In vitro transcription of RNA probe

The RNA probe was generated from a PCR template containing a T7 RNA polymerase promoter site. The template was transcribed using [α-32P] UTP (GE Healthcare, Sweden) and the T7 MEGAscript kit (Ambion, TX) according to the manufacturer's instructions. Transcribed probe was treated with DNase I for 15 min at 37℃, extracted with phenol:chloroform, and precipitated using isopropanol.

RNA electrophoretic mobility gel shift assay (RNA EMSA)

Following mixing of the labeled RNA probe and the GST-HuR protein in binding buffer (50 mM Tris-HCl (pH 8.0), 120 mM NaCl), each chemical was added in a DMSO solution. The mixtures were incubated for 20 min at room temperature. The protein-RNA complexes were separated from free RNA on a 6% polyacrylamide gel prepared and pre-electrophoresed in 0.5× TBE buffer (44.5 mM Tris, 44.5 mM boric acid, 1 mM EDTA). Electrophoresis was performed in 0.5× TBE buffer at 8 mA for 1 h (Jung et al., 2006). Bands were visualized using a BAS2500 automated detector system (Fujifilm, Tokyo, Japan), and their intensities were measured by image analysis software (Multi-Gauge V3.0, Fujifilm, Tokyo, Japan).

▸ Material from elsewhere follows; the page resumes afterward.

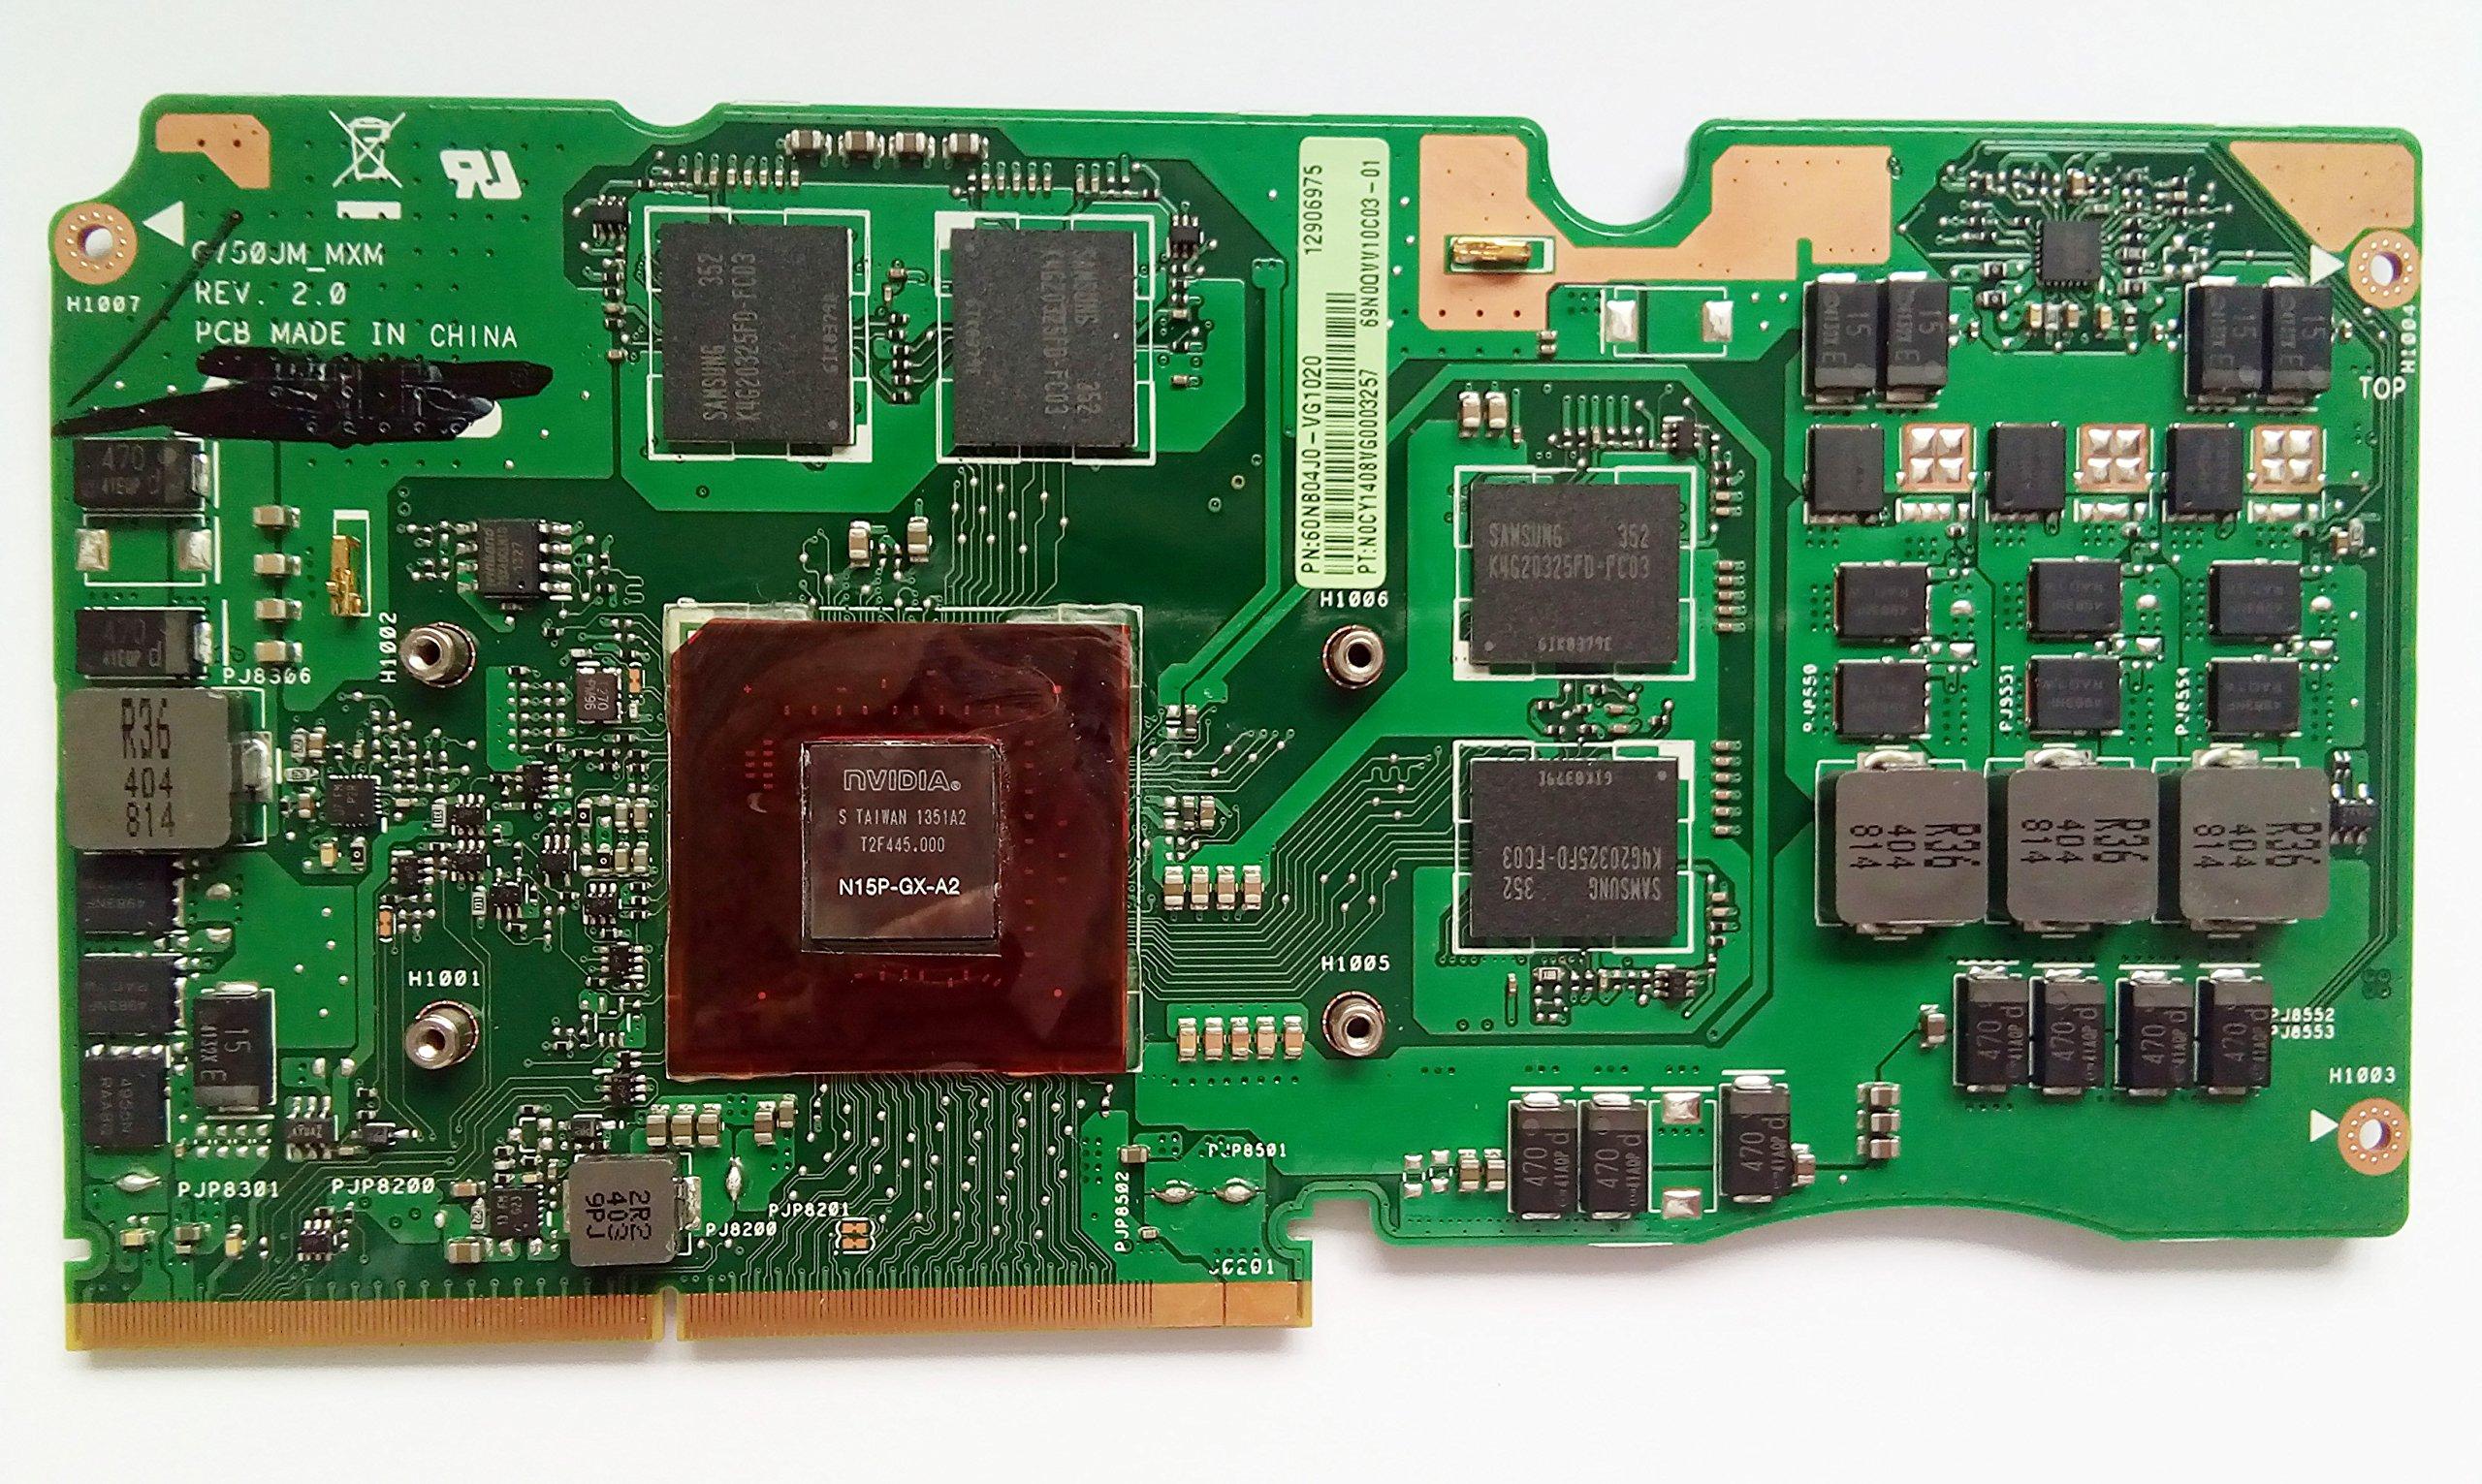 2G Laptop VGA Graphic Card N15P-GX-A2 for Asus ROG G750JM Laptop Video card Graphic VGA GeForce GTX 60NB04J0-G1020
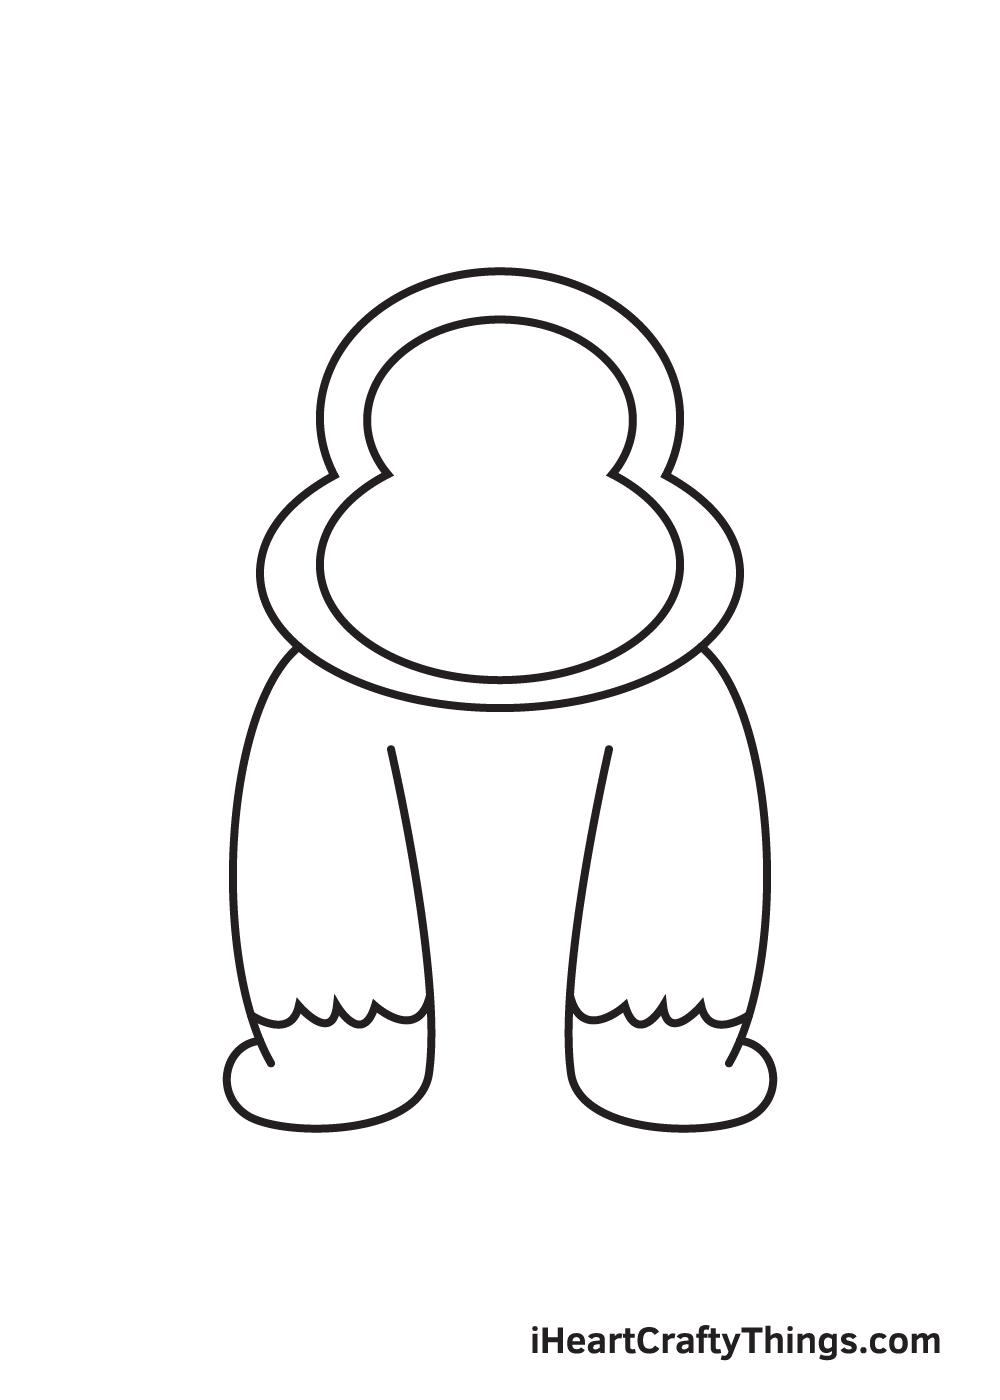 gorilla drawing - step 6

Protein-RNA filter binding assay

Binding reactions contained 32P-labeled RNA and GST-HuR or GST-tristetraprolin protein in binding buffer in a total volume of 100 µl. After incubation for 20 min at room temperature, reaction solutions were filtered through 0.45 µm nitrocellulose disks (Millipore, MA), which had been previously boiled for 30 min in binding buffer. The filters were washed twice with binding buffer and analyzed in a Tri-Carb 2900TR liquid scintillation counter (Perkin Elmer, CT).

Cell culture

The RAW264.7 mouse macrophage cell line was cultured in Dulbecco's modified Eagle's medium (Welgene, Daegu, South Korea), supplemented with 10% fetal bovine serum (Hyclone Laboratories, UT) and 1% penicillin/streptomycin (Invitrogen, CA) at 37℃ in a 5% CO2 atmosphere.

mRNA stability studies

For RNA stability assays, actinomycin D (5 µg/ml) was added to RAW264.7 cells to inhibit transcription. Total RNA extracted from cells was treated with Actinomycin D and/or quercetin (0, 5, and 20 µM) or b-40 (0, 1, and 4 µM) for different time intervals. Total RNA (200 ng) prepared using TRIZOL reagent was reverse-transcribed to produce cDNA using reverse transcriptase and oligo-dT primer. PCR was performed using 1 or 2 µl of cDNA with specific primers.

RT-PCR

Reverse transcriptase with an oligo-dT primer (Invitrogen, CA) was used to prepare cDNA from 0.1 µg of total RNA. PCR with specific primers was performed using 1 µl of cDNA. The primer sets were as follows: TNF-α: forward 5'-CCAGGCAGTCAGATCATCTTC-3' and reverse 5'-TTGATGGCAGAGAGGAGGTT-3'; IL-6: forward 5'-AACGATGATGCACTTGCAGA-3' and reverse 5'-GGAAATTGGGGTAGGAAGGA-3'; and GAPDH: forward 5'-TTCACCACCATGGAGAAGGC-3' and reverse 5'-GGCATGGACTGTGGTCATGA-3'. PCR conditions were as follows: 30 cycles of denaturation at 95℃ for 30 s followed by annealing at 55℃ for 30 s and extension at 72℃ for 30 s; and a final step at 72℃ for 10 min. PCR products were separated by electrophoresis on 1.5% agarose gels containing 0.1 µg/ml ethidium bromide and were visualized under UV light with a bioimaging system (Syngene, Cambridge, UK).